Propagation characteristics of orbital angular momentum modes at 810 nm in step-index few-mode fibers

Zhouxiang Wang1, Yuchen Xie1, Shuangyin Huang1, Han Zhou1, Rui Liu1, Zhifeng Liu1, Min Wang1, Wenrong Qi1, Qianqian Tian1, Lingjun Kong2, Chenghou Tu1, Yongnan Li1, and Huitian Wang2,*

Author Affiliations

  • 1School of Physics and Key Laboratory of Weak-Light Nonlinear Photonics, Nankai University, Tianjin 300071, China
  • 2National Laboratory of Solid State Microstructures, School of Physics, and Collaborative Innovation Center of Advanced Microstructures, Nanjing University, Nanjing 210093, China

Abstract

In free-space or in optical fibers, orbital angular momentum (OAM) multiplexing for information transmission has been greatly developed.

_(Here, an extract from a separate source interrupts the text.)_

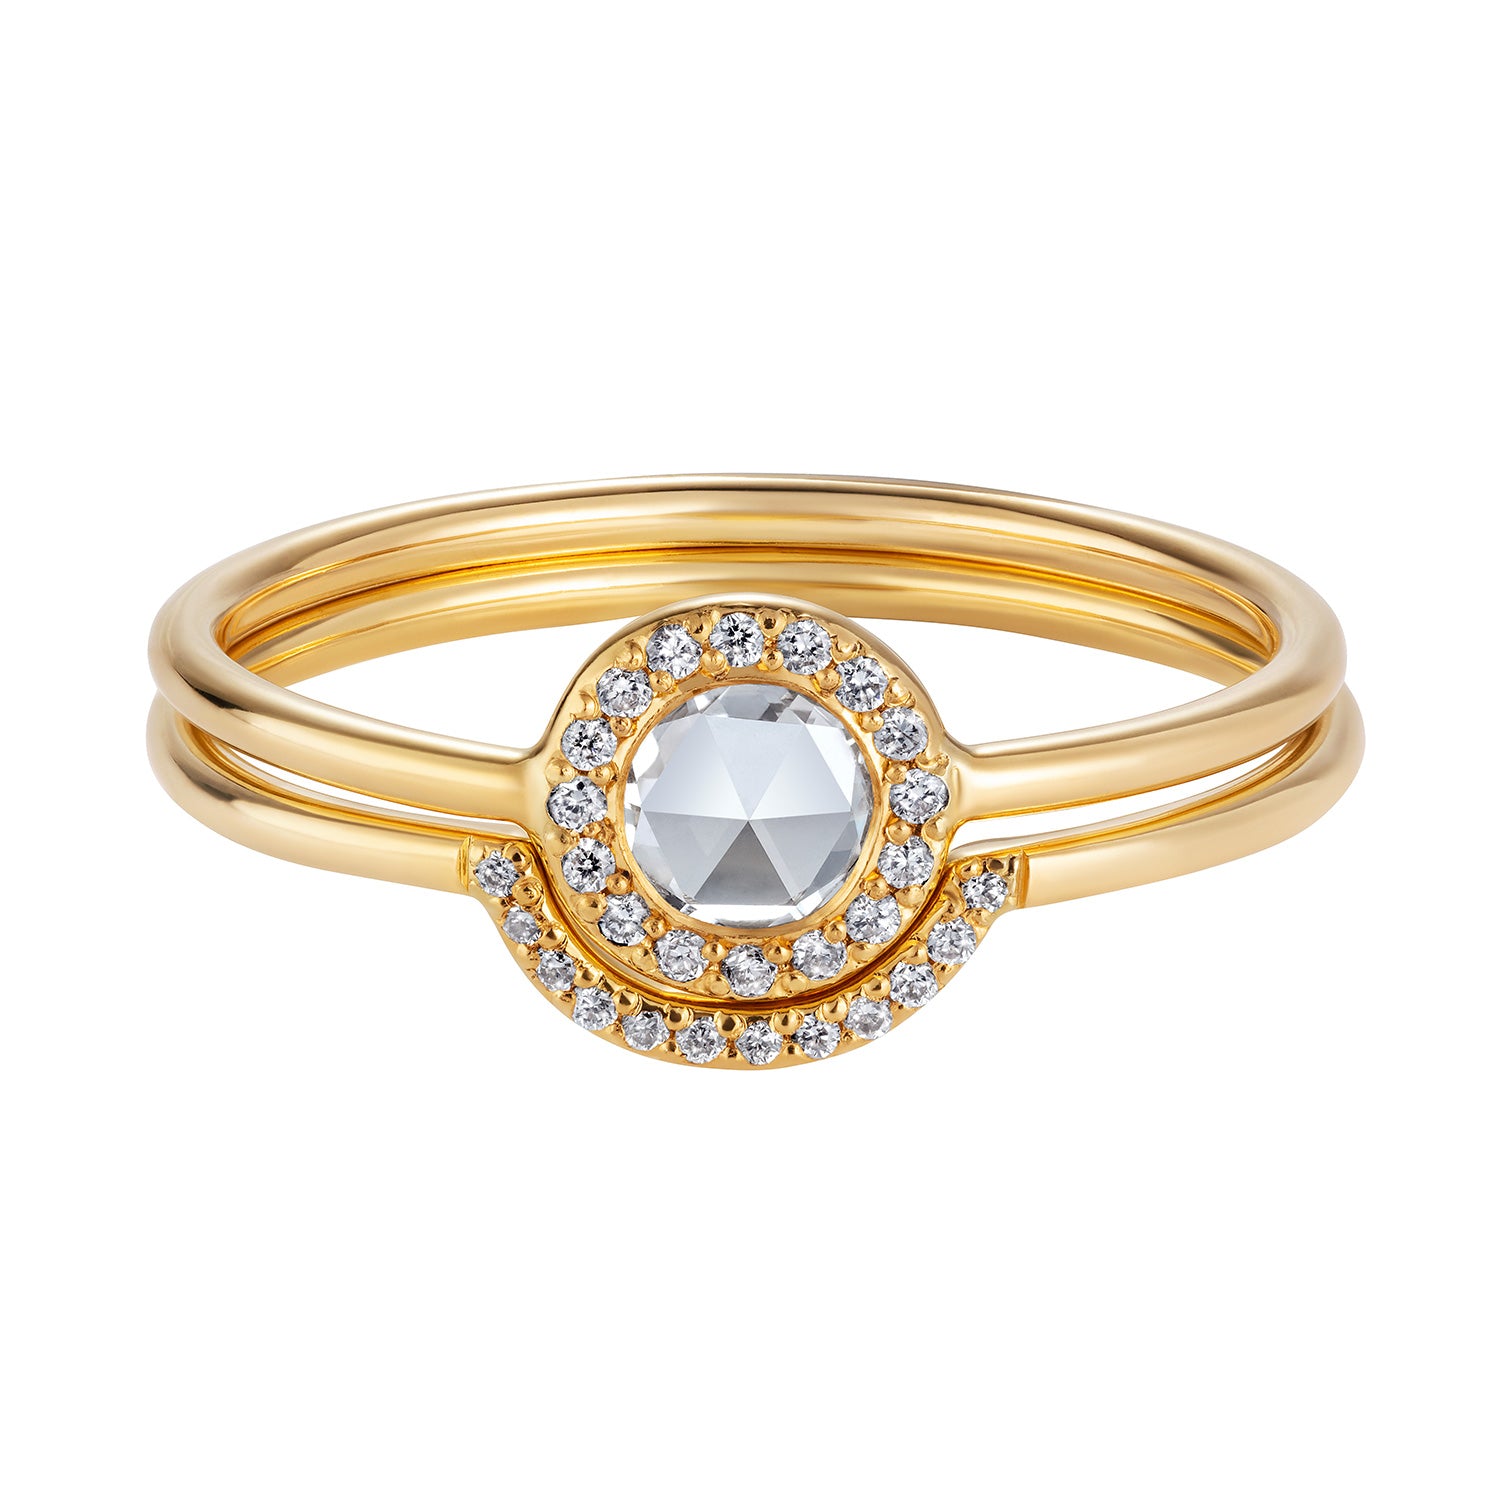 Sweet Pea 18ct yellow gold diamond set horseshoe wedding stacking ring stacked with a rose cut diamond halo engagement ring.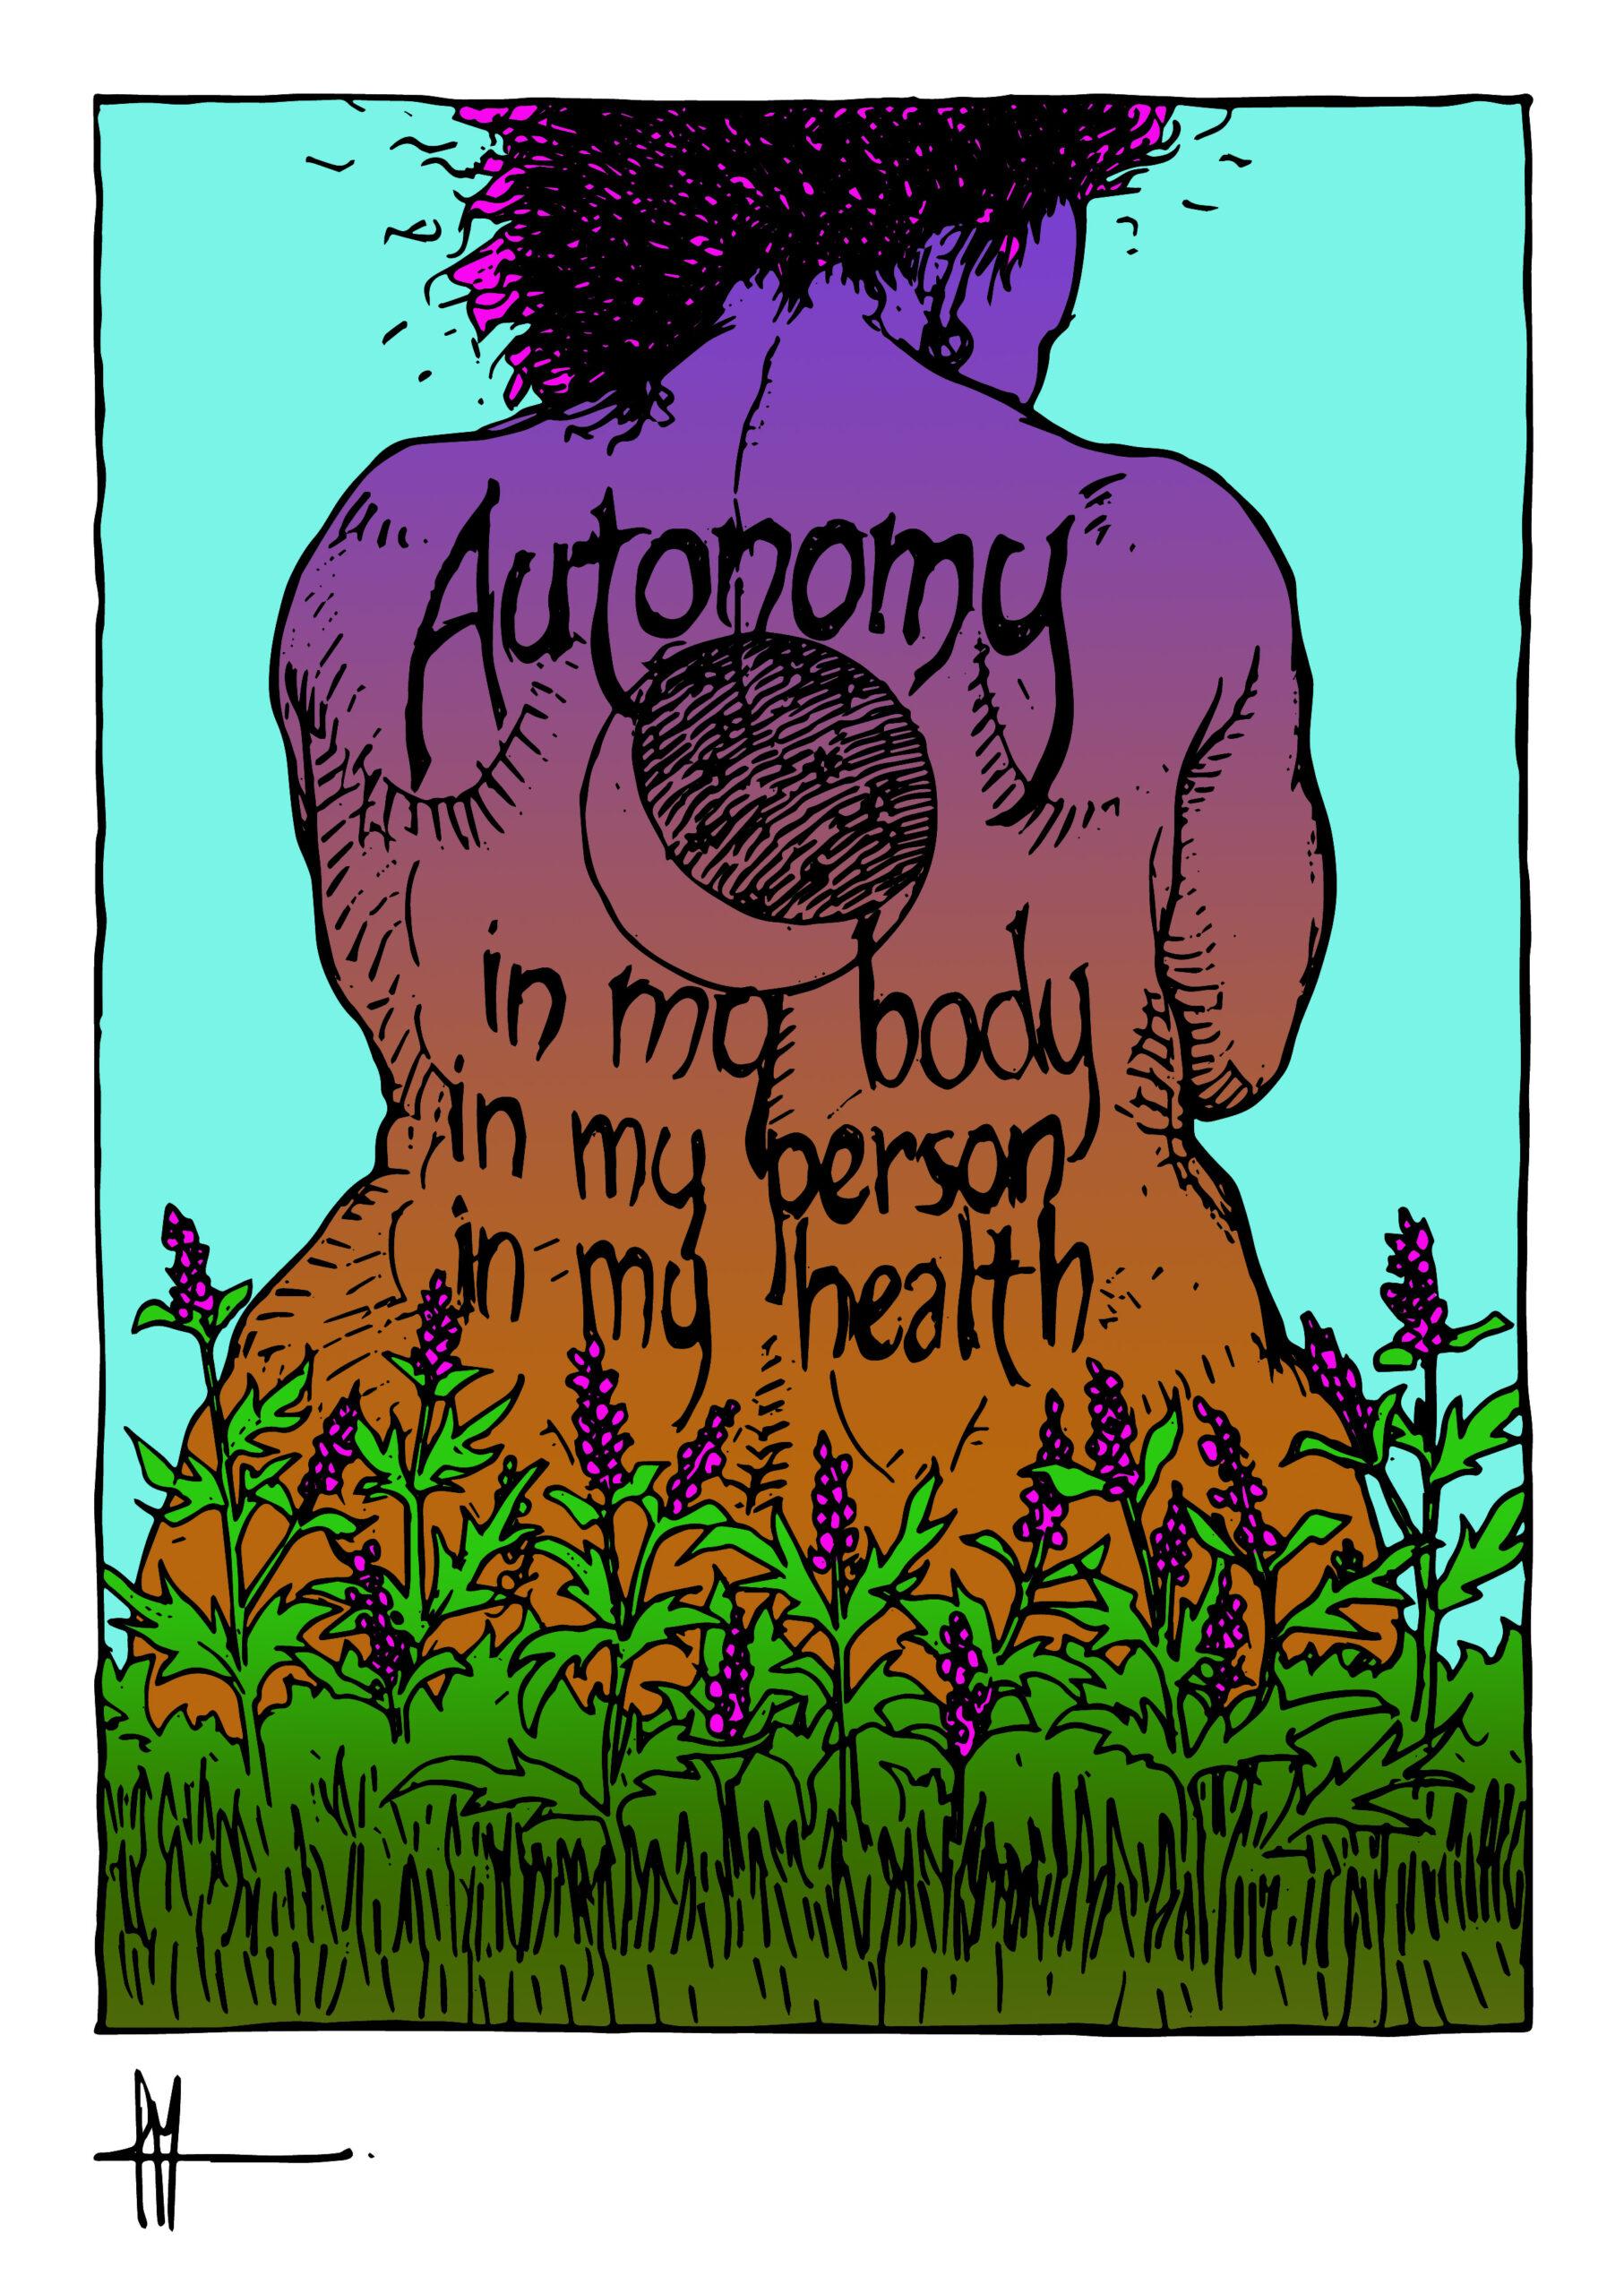 "Autonomy: in my body / person / health" by Fernando Martí courtesy of JustSeeds

The light sources used were well coherent communication bands, and the fibers used were customized. Here, we use an 810 nm femtosecond laser to generate optical vortices carrying OAM and then feed them into two kinds of commercial step-index few-mode fibers to explore the transmission characteristics of OAM modes. We also propose a method without multiple-input multiple-output digital signal processing to identify the input OAMs. It is of great guiding significance for high-dimensional quantum information experiments via the OAMs as a degree of freedom, using the light generated by the spontaneous parametric down-conversion as the source and the commercial fibers for information transmission.